Saturday, April 26, 2014 -- 5:00 PM

This show seemed to dance

This show seemed to dance around testimony and childhood.  I don't find it hard to fathom conspiracy when I'm still kind of shocked about this whole St. Nick thing.  What a crock.  My apologies to the true believers.  Seriously though, aren't we conditioned to conspiracy by our upbringing?  Isn't most... and I do mean a vast majority of our knowledge based on testimony?  Do you really understand the workings of the crapper before taking your liberties?  People take their lives on faith.  Conspiracy is somewhat a product of this testimonial foundation rooted in childhood.  The modern dilemma of sustainability is our disconnect from nature and a reliance on the scientific and technical testimony that we are actually making progress while destroying our earth.  That sounds kinda-sorta conspiratorial.  Oh, but Mama, that's where the fun is? as a caller pointed out.
I would say that I found Ken's dismissal of conspiracy disheartening - from a mind that I admire for the most part.  When a caller mentions John Lennon's murder and he says something like "... I don't have an opinion of any of this sort of thing..." I think RichardCurtisPhD has a point in saying conspiracy is being used to avoid thought.  It's ok to refuse the activation energy to engage a conspiracy theory, but if your show is on conspiracy theory then I think the caller needs a prod before dismissal.
I take exception to Mirugai's assertion that neuroscience is inherently separate from philosophy.  I have a hard time separating philosophy from most things as it spans the gap of perception and thought.  Certainly values, motivations and normativity are a part of philosophy.  These parts don't define philosophy exclusively if even mostly.  Historically philosophy was science... way before science was cool.  Now, I think philosophy shades science more than Mirugai thinks...but...that?s just my opinion man?

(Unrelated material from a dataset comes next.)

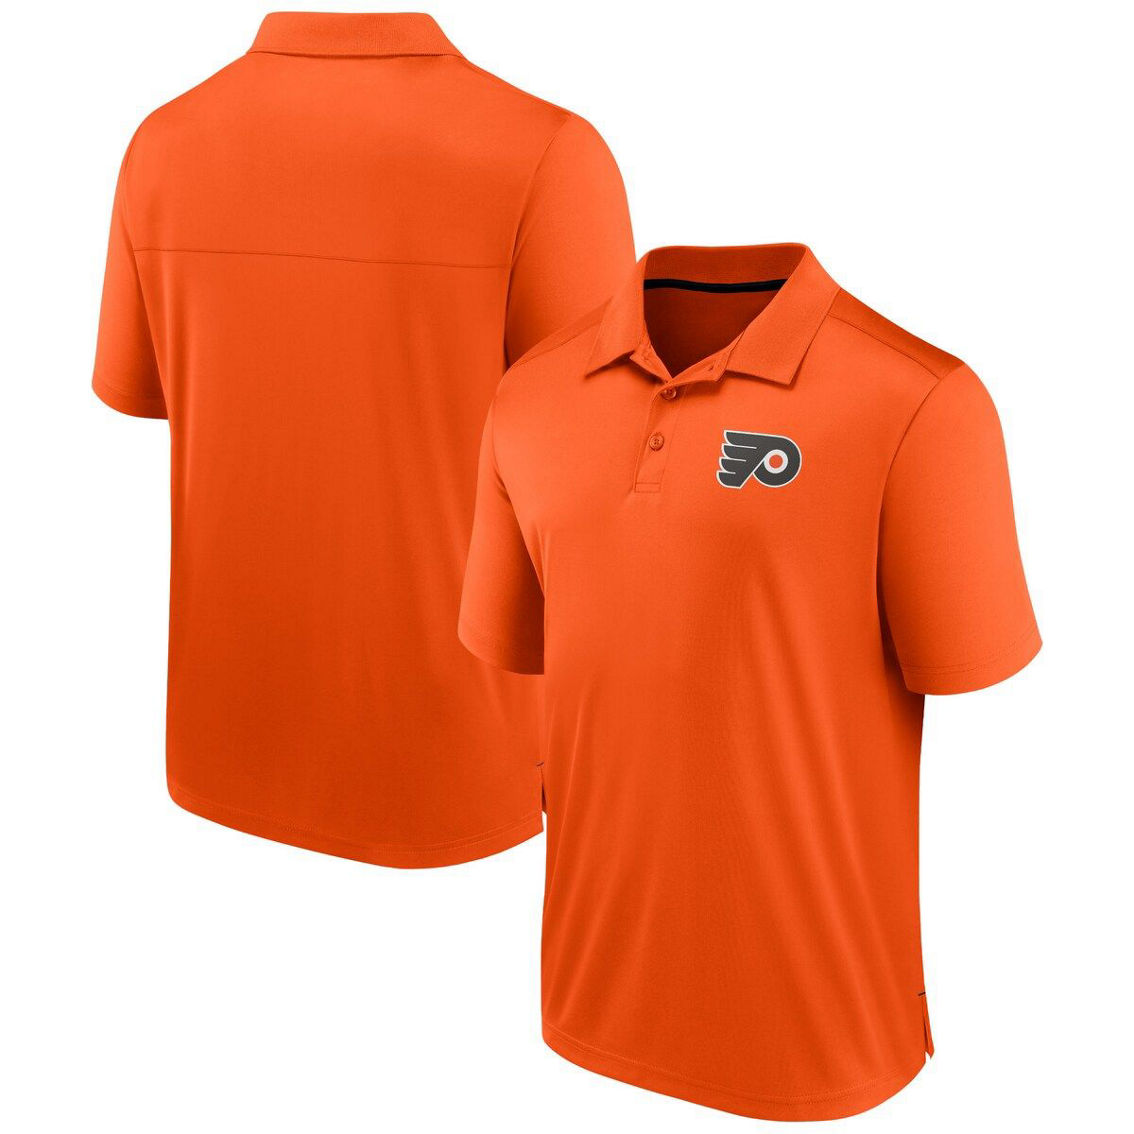 Fanatics Branded Men's Orange Philadelphia Flyers Polo - Image 2 of 4
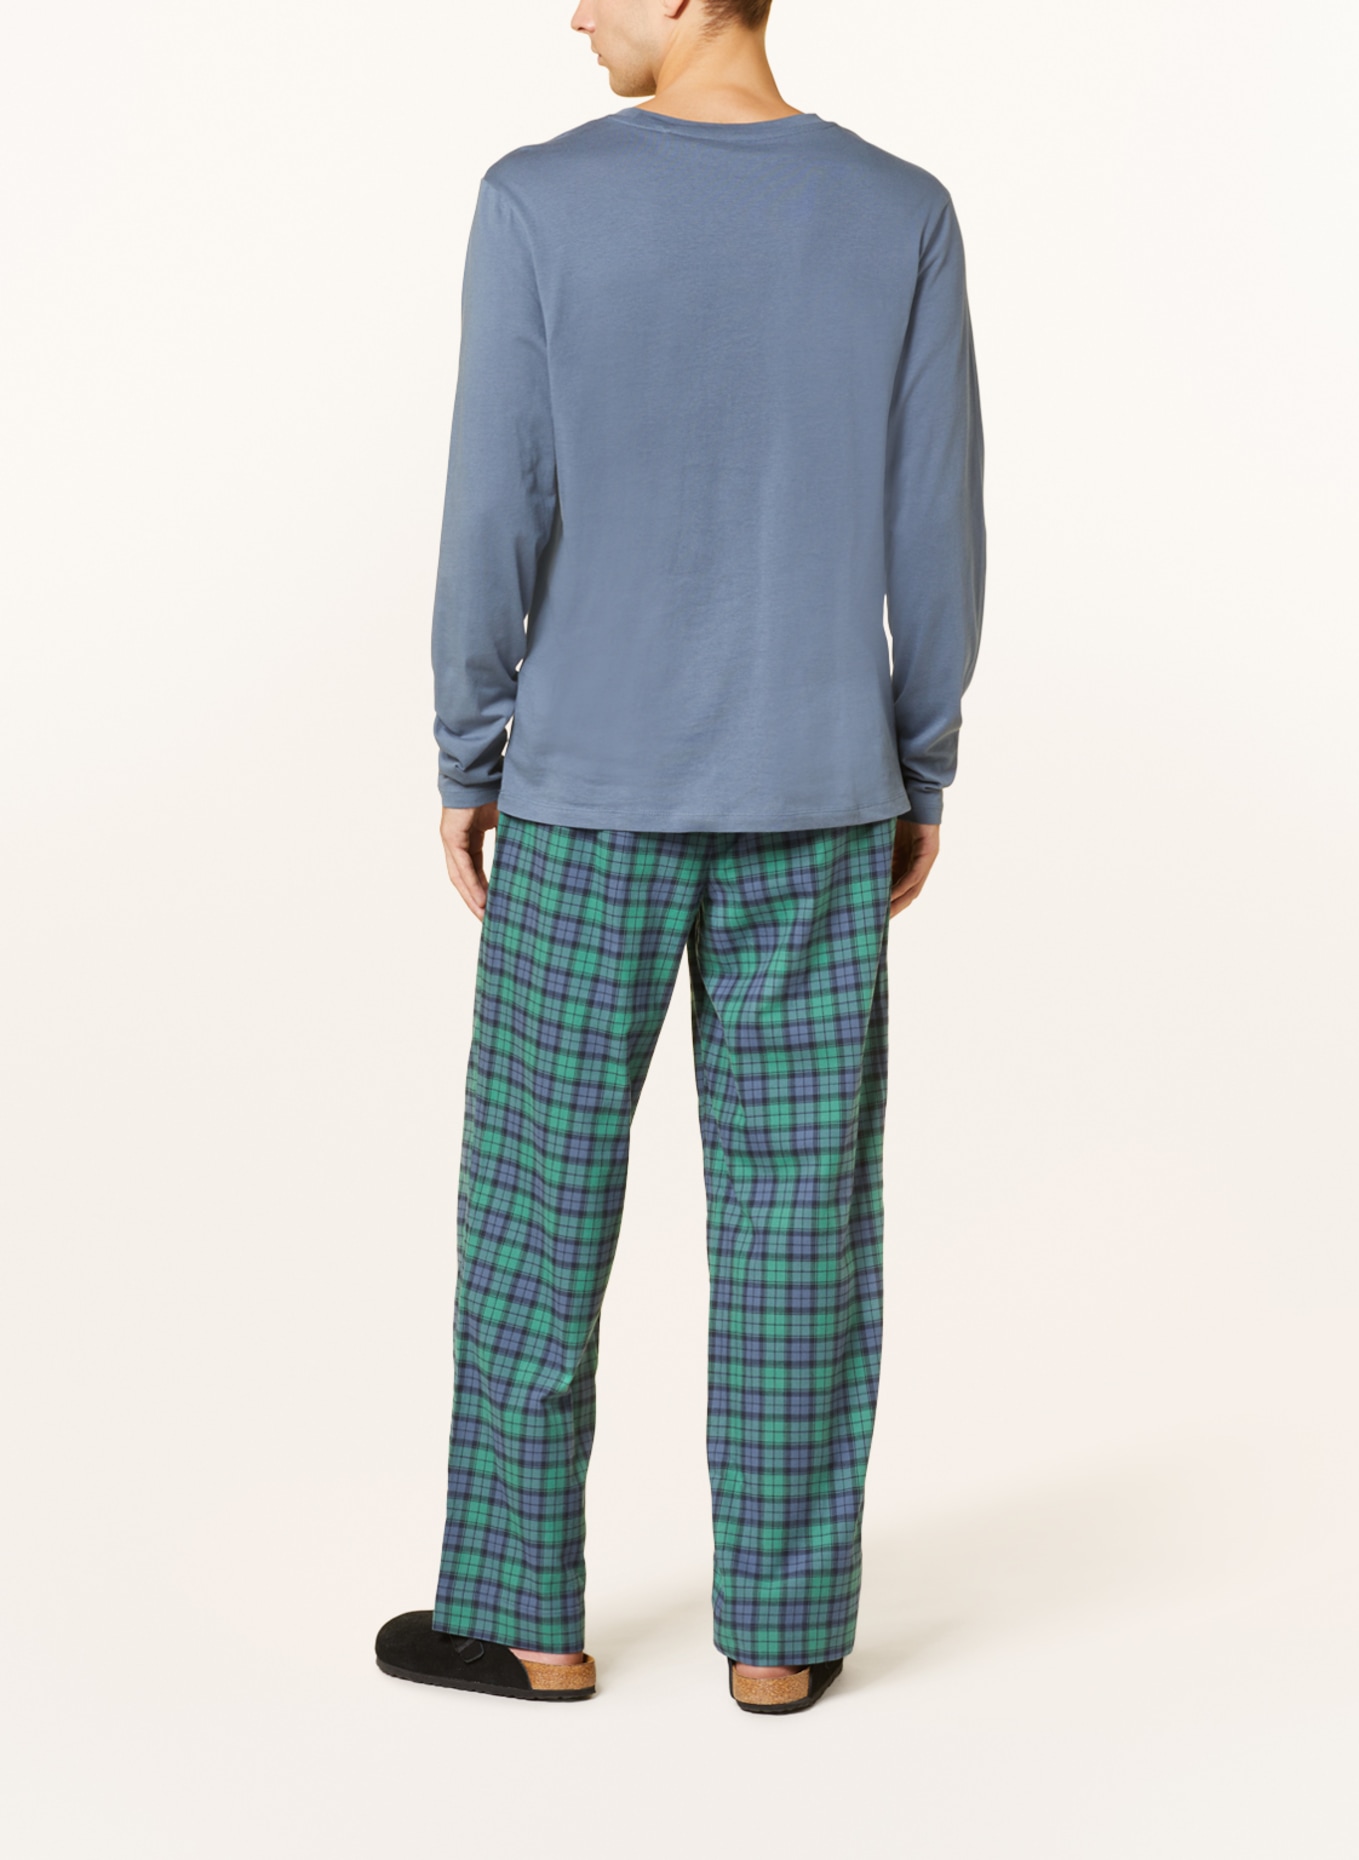 Marc O'Polo Pajama pants in green/ blue gray/ dark blue

Harold G. Neuman's picture

Harold G. Neuman

Thursday, May 1, 2014 -- 5:00 PM

There are all sorts of

There are all sorts of conspiracy theories. And, all sorts of conspiracies. And that is just the point surrounding conspiracy. When I returned to these United States, years ago, after a seven-year absence, it was known within higher government circles, that I was back. It did not truly matter, but, I was harassed---because, given my circumstances, government fools and lackeys COULD harass me, without fear of retribution. Eventually, the security police tired of their surveillance of my life and activities. I was able to get a job; marry, have something of a life and retire---much as if I have never been a pariah in the first place. Many of my former countryfolk, including the last progenitor of our family line, never returned to these United States. I am happy to be anywhere, right now. Anything is better than nothing. Pretty much. As they say sometimes: there it is...

Gerald Fnord's picture

Gerald Fnord

Monday, May 12, 2014 -- 5:00 PM

...but people's being out to

...but people's being out to get you doesn't mean you're not paranoid. 

Gerald Fnord's picture

Gerald Fnord

Monday, May 12, 2014 -- 5:00 PM

My major beef is with people

My major beef is with people who are intensely sceptical of what (they at least call) the official line but tremendously credulous of any alternate hypothesis.   This is the same phenomenon seen in people who go from one sort of religious/political fanaticism to another...they never met a middle they didn't exclude---the old saws 'straining at gnats and swallowing camels' and the one about eyes, motes, and logs (or beams) come to mind.